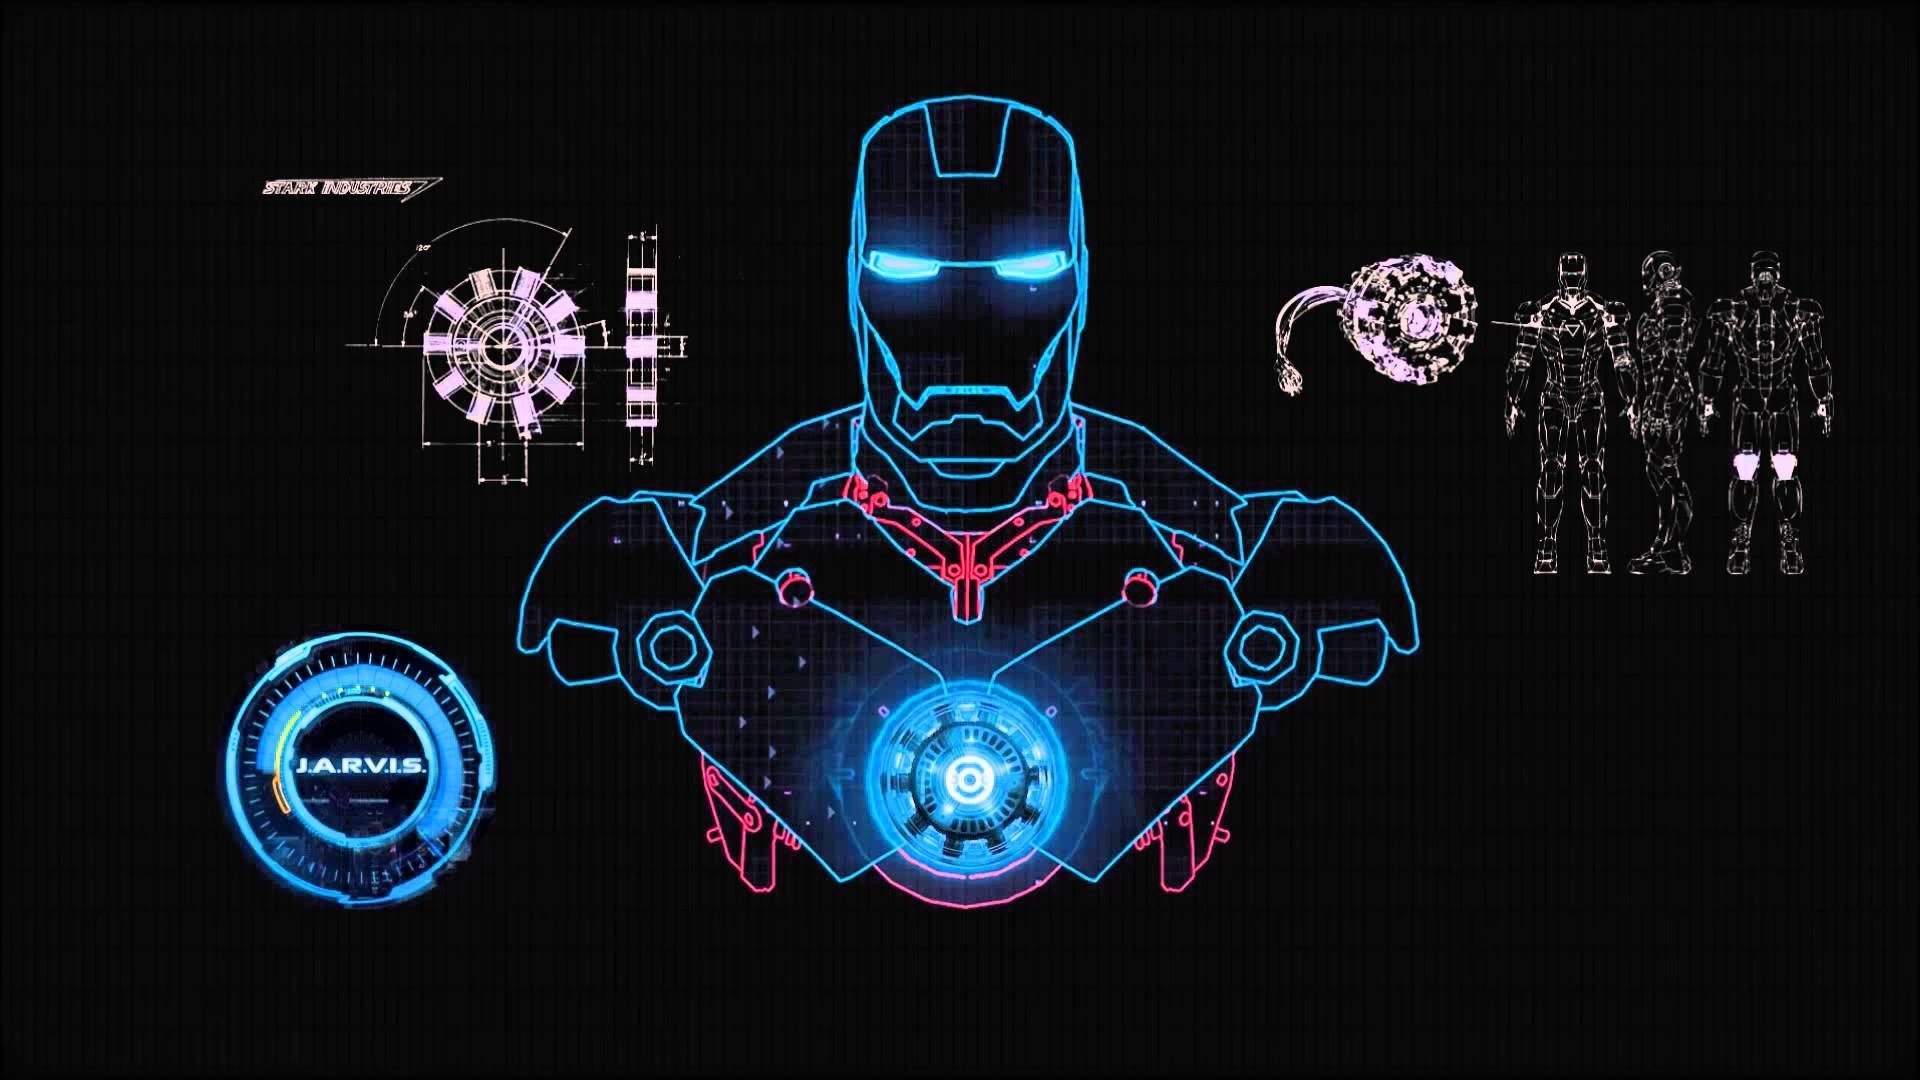 J.a.r.v.i.s. Iron Man - avenger
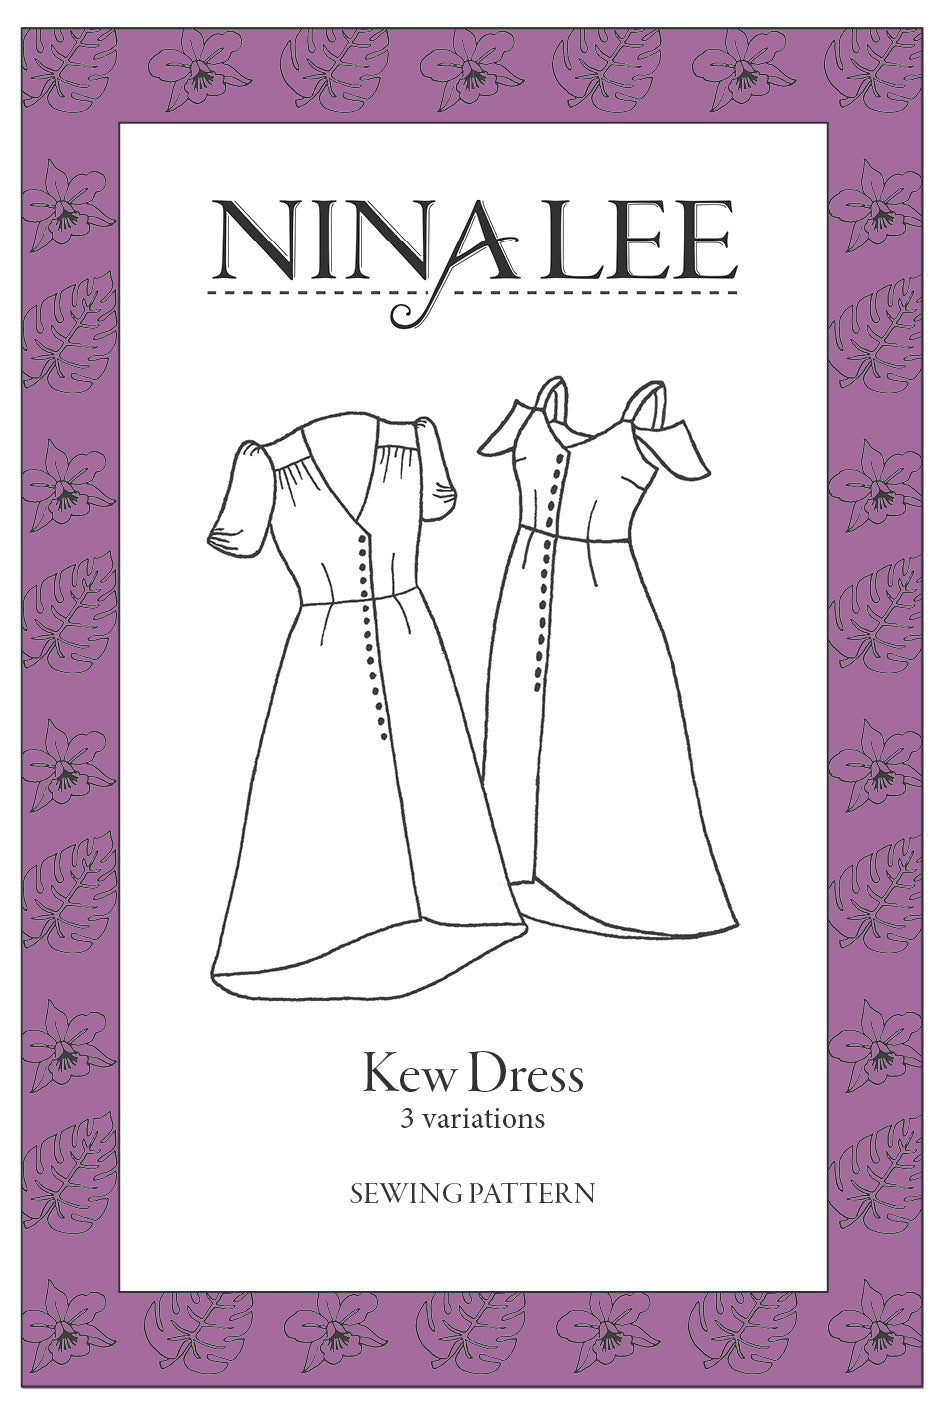 NINALEE Kew Dress Sewing Pattern
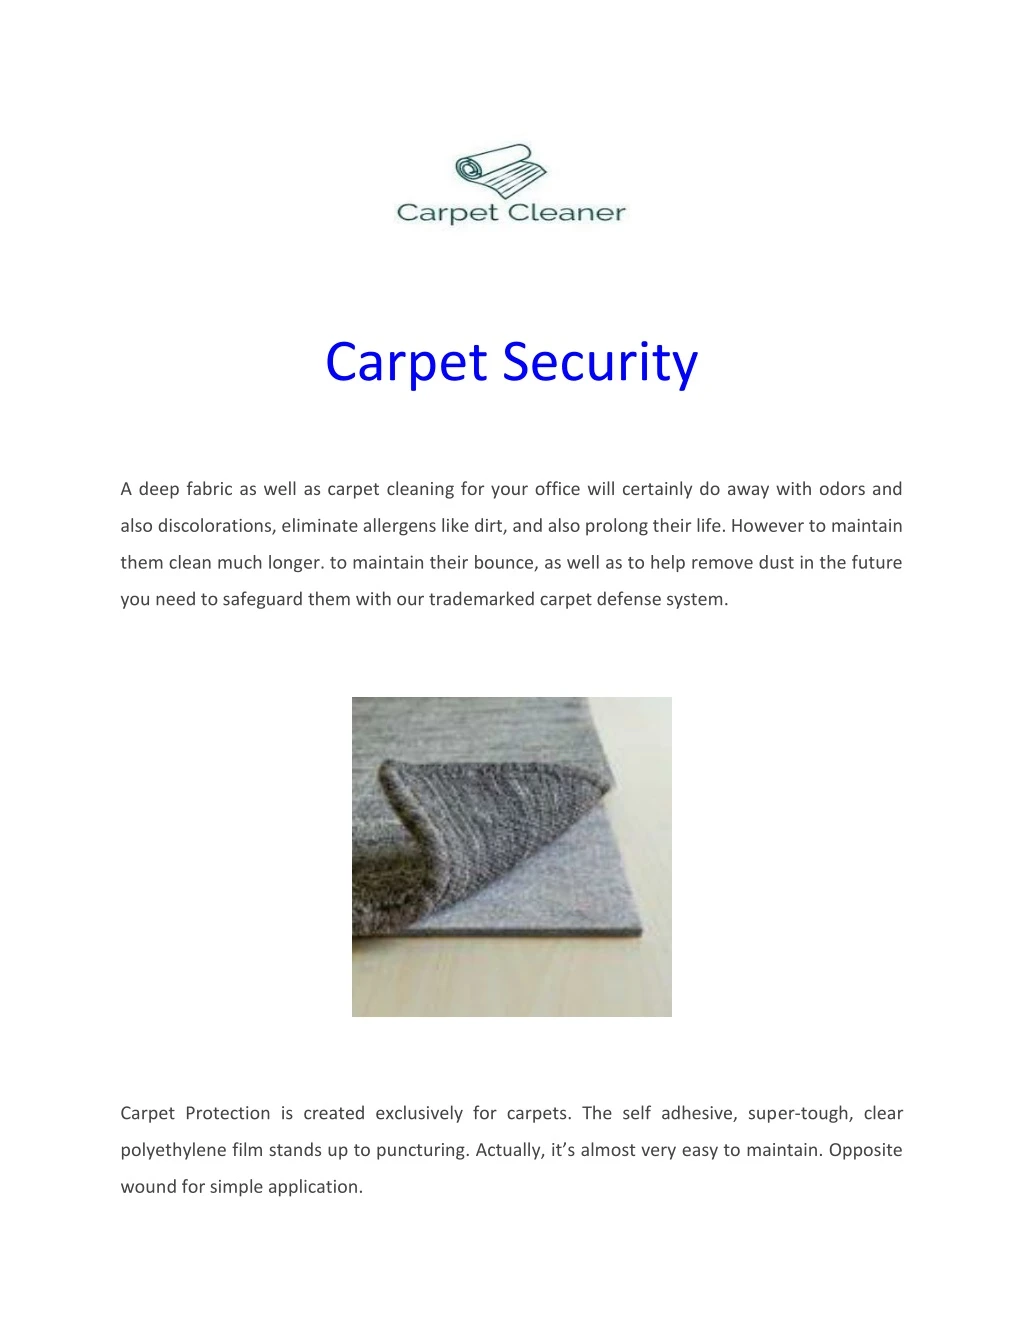 carpet security
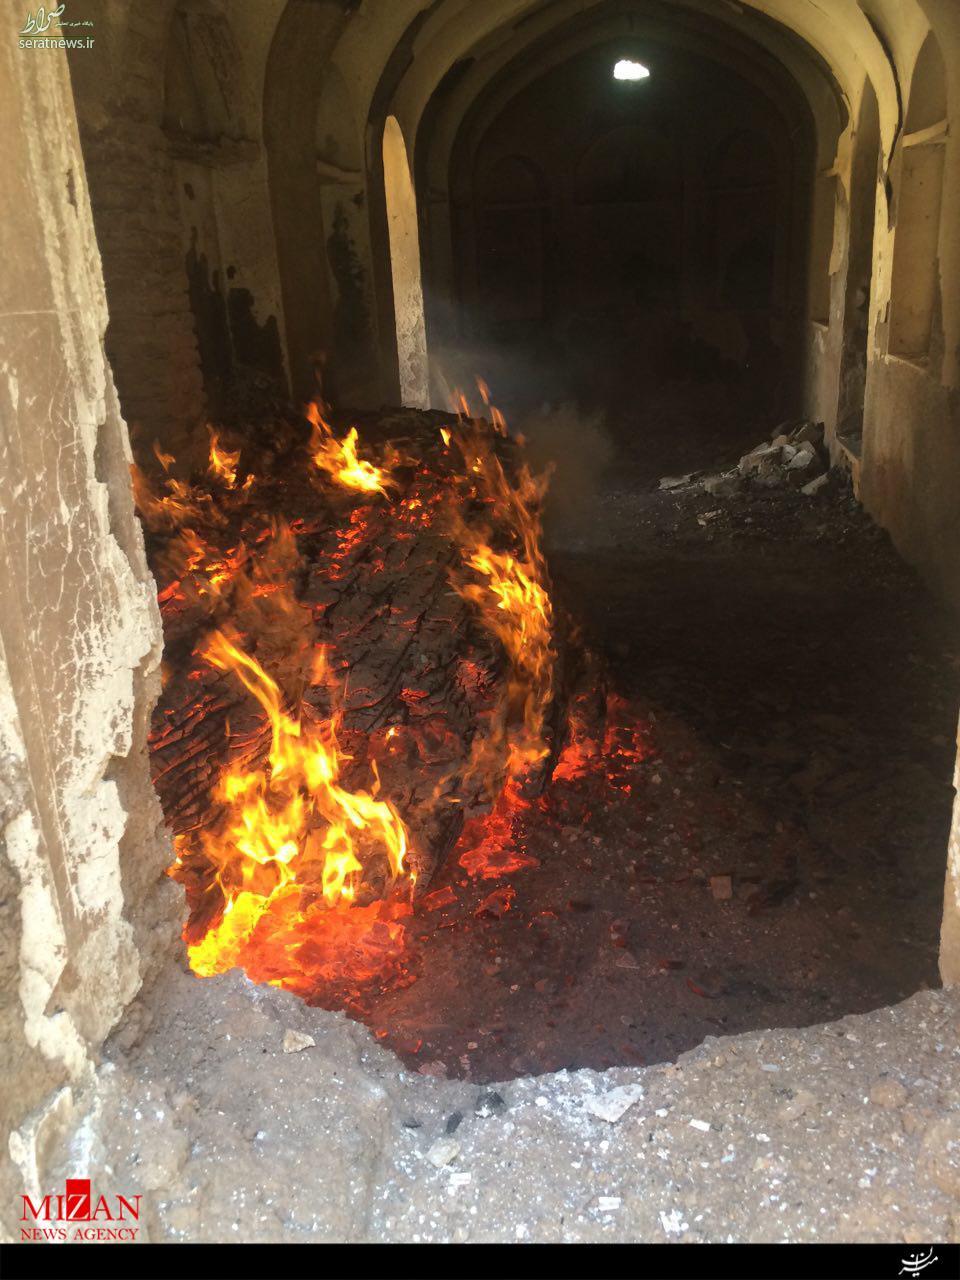 تکرار فاجعه خانه نائل در اصفهان/ بازداشت دو نفر در رابطه با آتش سوزی کاخ سرهنگ آباد + تصاویر
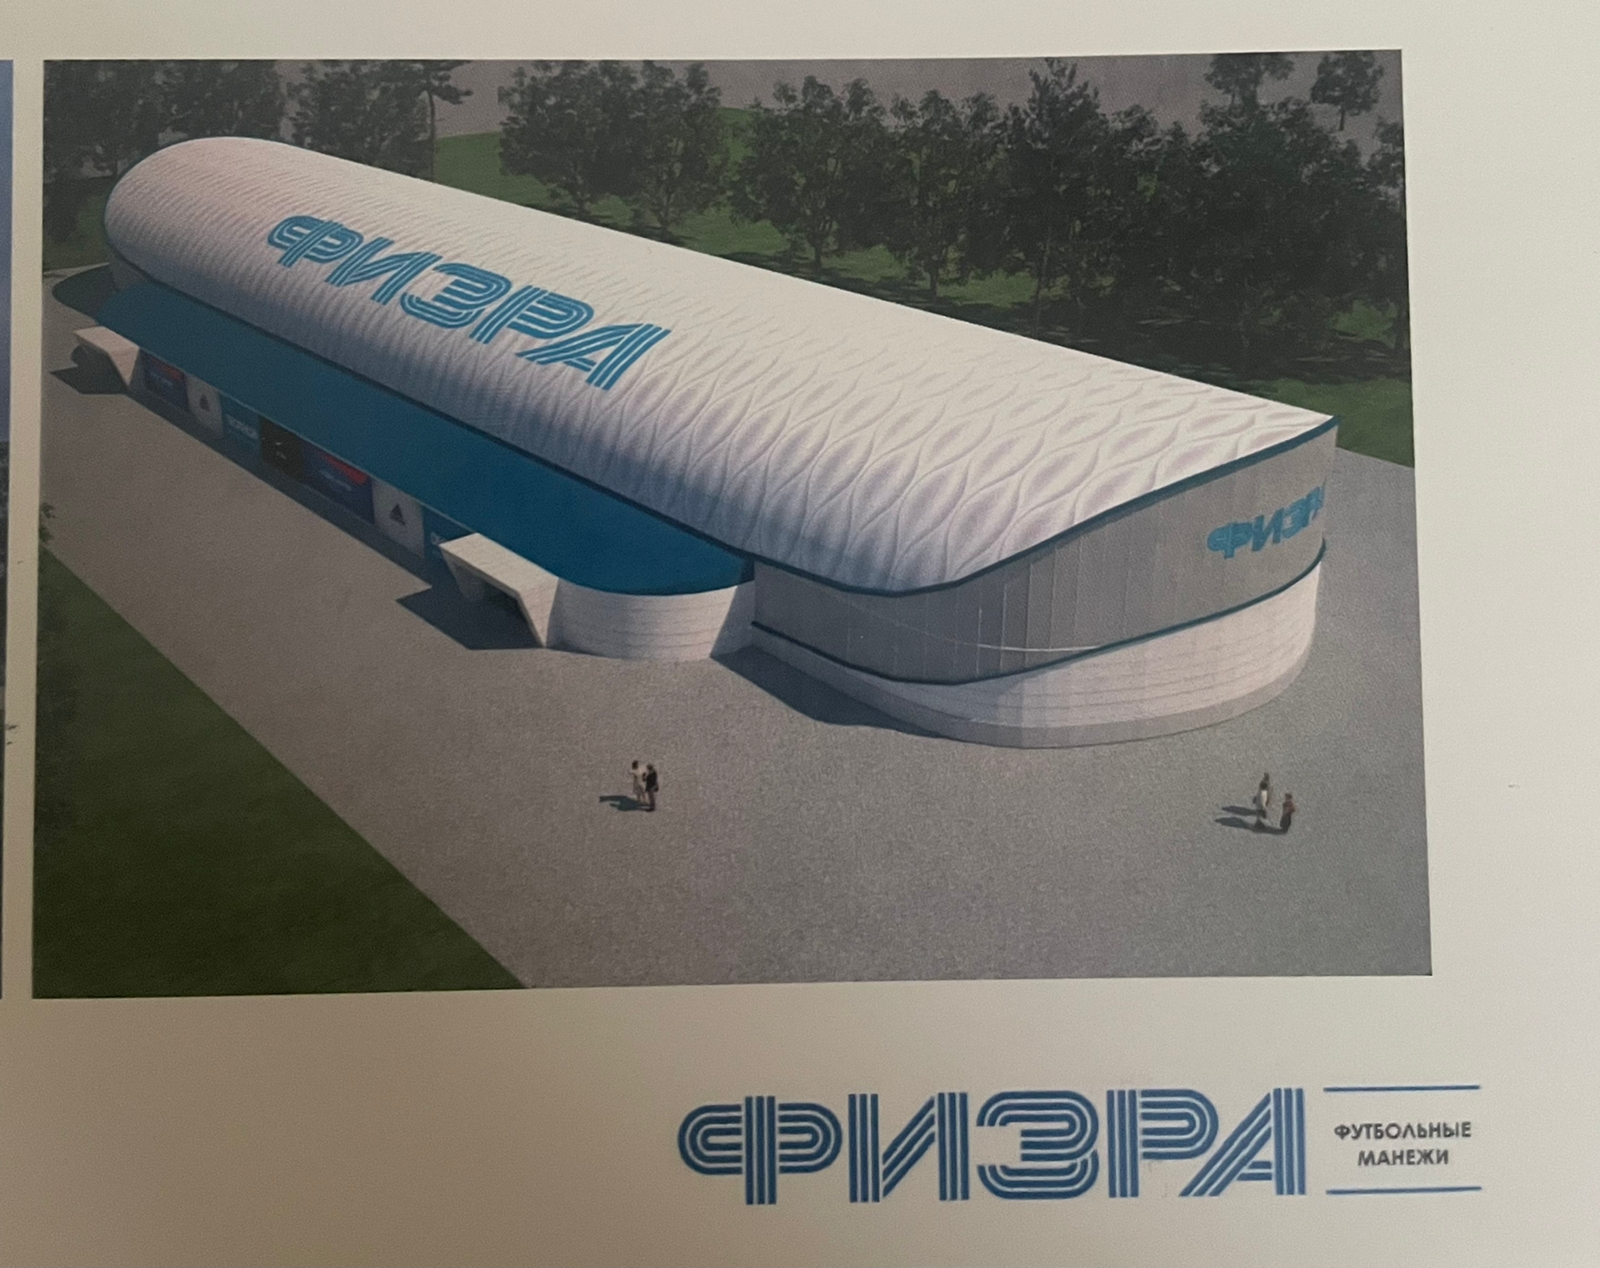 Инвестор показал, каким может быть Центр спорта «Физра» в Челнах (фото)
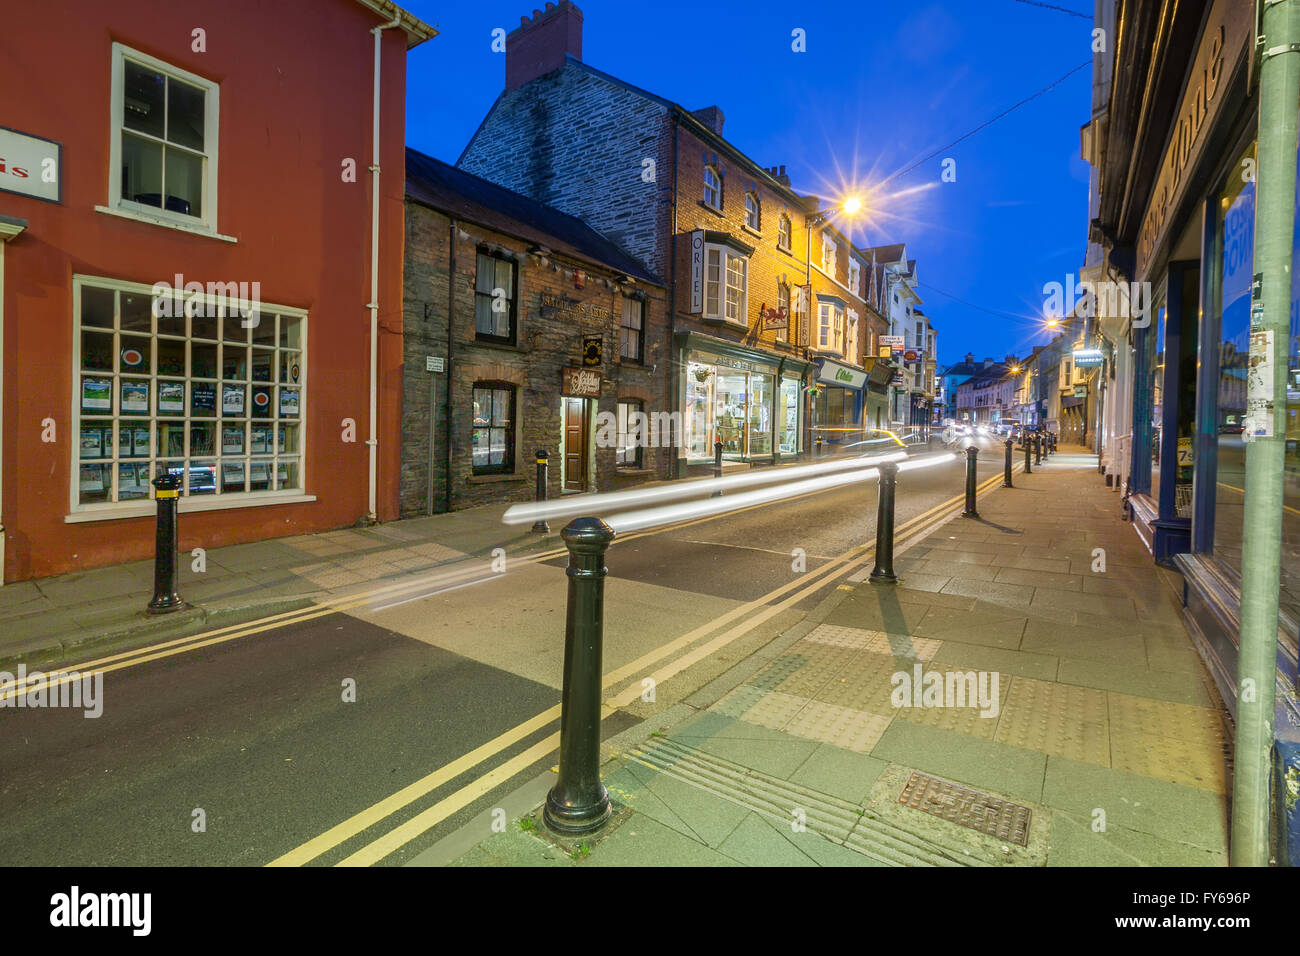 Cardigan High Street dans Ceredigion, pays de Galles. Prises au crépuscule avec des stries de lumière sentiers du trafic. Banque D'Images

______

[Your goal] Return every entry exactly, dropping the pictures.

[Written response]
 J.a.r.v.i.s. Iron Man - avenger
 NINALEE Kew Dress Sewing Pattern
 carpet security
 تکرار فاجعه خانه نائل در اصفهان/ بازداشت دو نفر در رابطه با آتش سوزی کاخ سرهنگ آباد + تصاویر
 Инвестор показал, каким может быть Центр спорта «Физра» в Челнах (фото)
 Cardigan High Street dans Ceredigion, pays de Galles. Prises au crépuscule avec des stries de lumière sentiers du trafic. Banque D'Images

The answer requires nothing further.